Le port grouillait de miséreux. Il y avait aussi quelques bourgeois. Mais pas beaucoup, et seulement de passage. Les bourgeois prenaient un autre navire, pas celui-là. Cetta regardait les gens par un hublot sale, au cadre rouillé. La plupart de ces misérables resteraient à terre, ils ne partiraient pas. Ils attendraient une autre occasion, tenteraient à nouveau de monter à bord, mettraient en gage leurs pauvres effets en espérant pouvoir s’acheter un billet pour l’Amérique et, dans l’attente d’un autre navire, dilapideraient leur petite fortune. Et ils ne partiraient jamais.

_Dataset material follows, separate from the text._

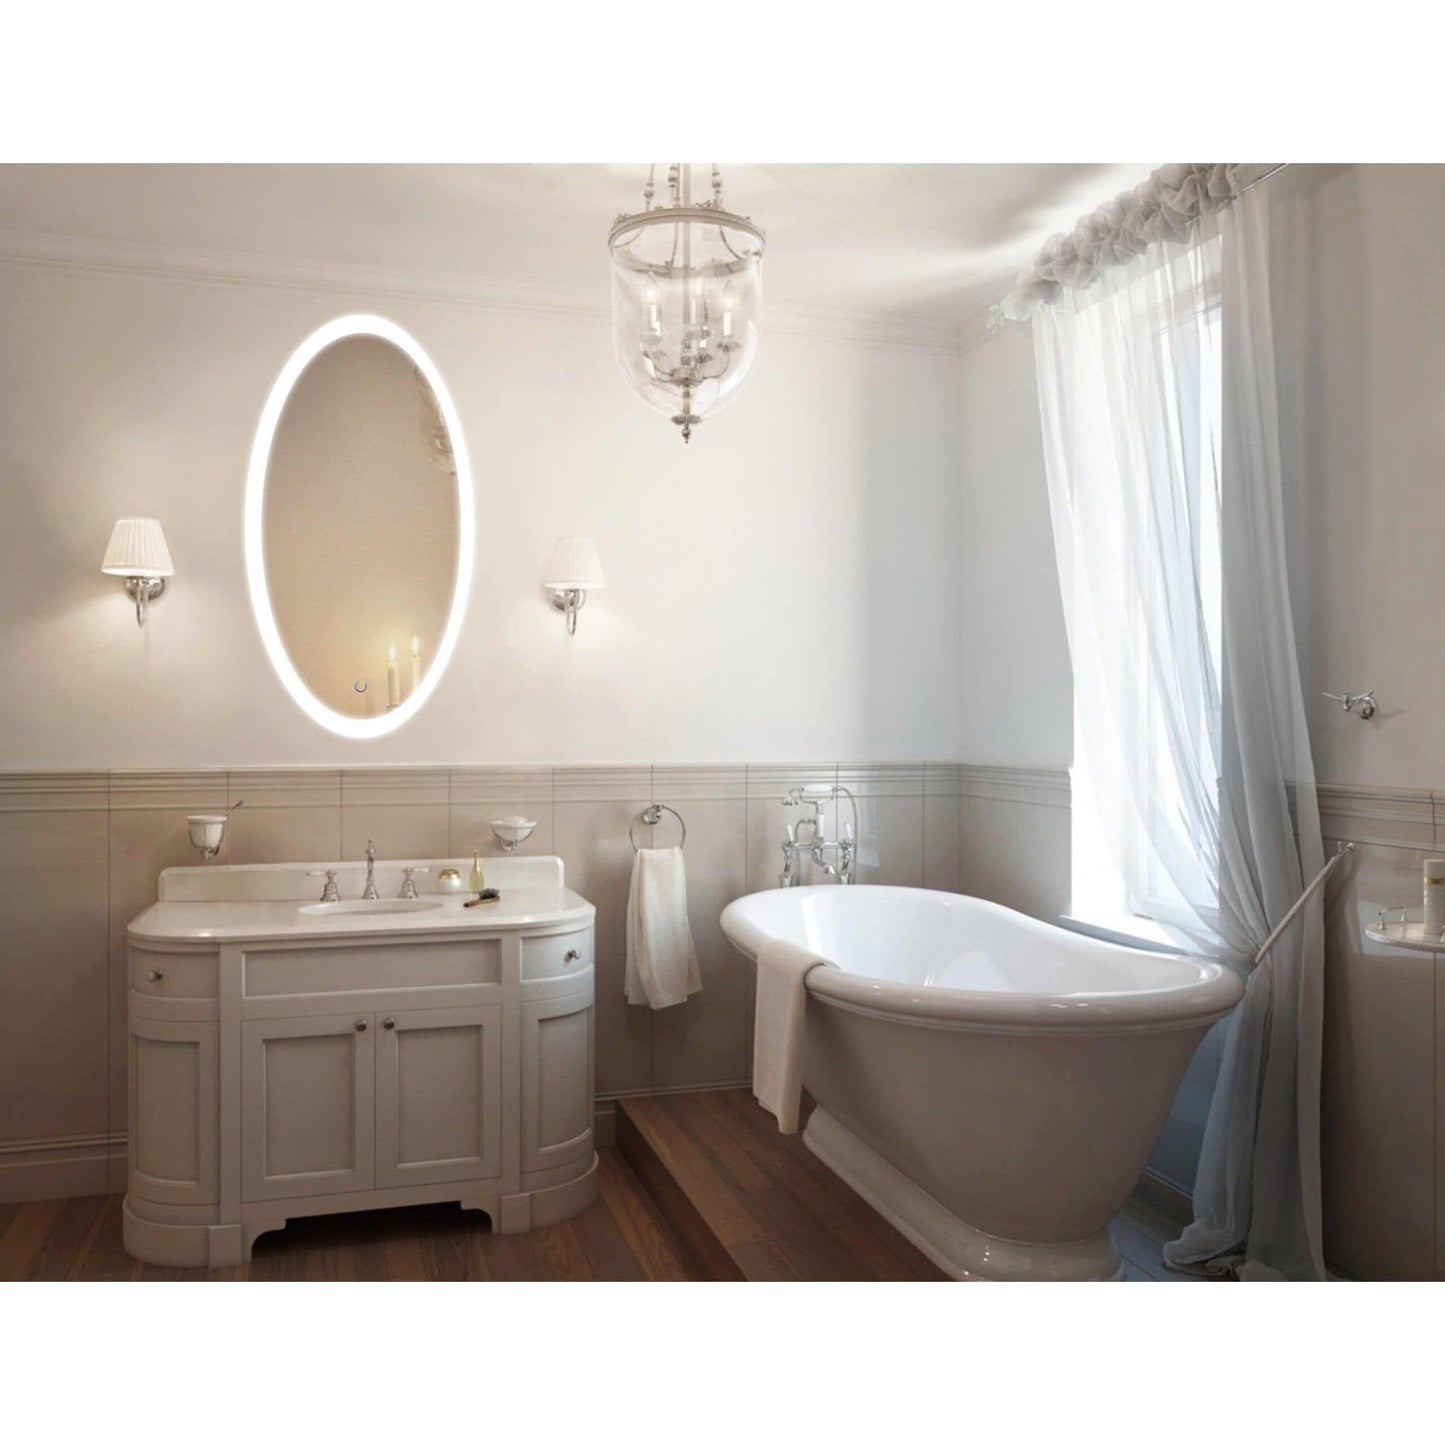 Lighted Bathroom Mirror - Krugg Sol Oval 24W-44H - SOL2444O

Mais Cetta, elle, partait.

Et elle ne pensait à rien d’autre en regardant par le hublot sale, tandis qu’elle entendait derrière elle le petit Natale, maintenant âgé de six mois, s’agiter fébrilement dans son panier en osier, sous la couverture en laine pleine de poils que la femme élégante à laquelle Cetta l’avait dérobée utilisait pour assurer le confort de son petit chien. Cetta ne pensait qu’à son long voyage en mer tandis que coulait le long de ses cuisses le liquide froid et visqueux qu’elle avait déjà connu le jour de son viol. Elle ne pensait qu’à l’Amérique tandis que le capitaine reboutonnait son pantalon, satisfait, promettant de revenir la voir avec un quignon de pain et un peu d’eau en début d’après-midi, et riait en s’exclamant qu’ils allaient bien s’amuser, tous les deux ! Ce n’est qu’après l’avoir entendu verrouiller la porte en fer de l’extérieur que Cetta s’éloigna du hublot et se frotta les cuisses avec la paille qui recouvrait le sol de la soute, sans se soucier des égratignures. Elle prit Natale dans ses bras, sortit un sein encore rougi par la pression des mains du capitaine et donna le mamelon au bâtard qu’elle emmenait avec elle. Puis, alors que l’enfant s’endormait dans sa couche qui puait le chien, Cetta se recroquevilla dans le coin le plus sombre de la soute et, les larmes sillonnant ses joues, elle se dit : « Elles sont salées comme la mer qui me sépare de l’Amérique. Elles ont déjà le goût de l’océan ! » et elle les lécha en essayant de sourire. Enfin, quand la sirène commença à faire retentir ses notes sombres et sourdes dans l’air du port, annonçant qu’on levait l’ancre, Cetta s’endormit — elle se raconta l’histoire d’une petite fille de quinze ans qui s’enfuyait de chez elle, toute seule, avec son petit bâtard, pour aller rejoindre le royaume des fées.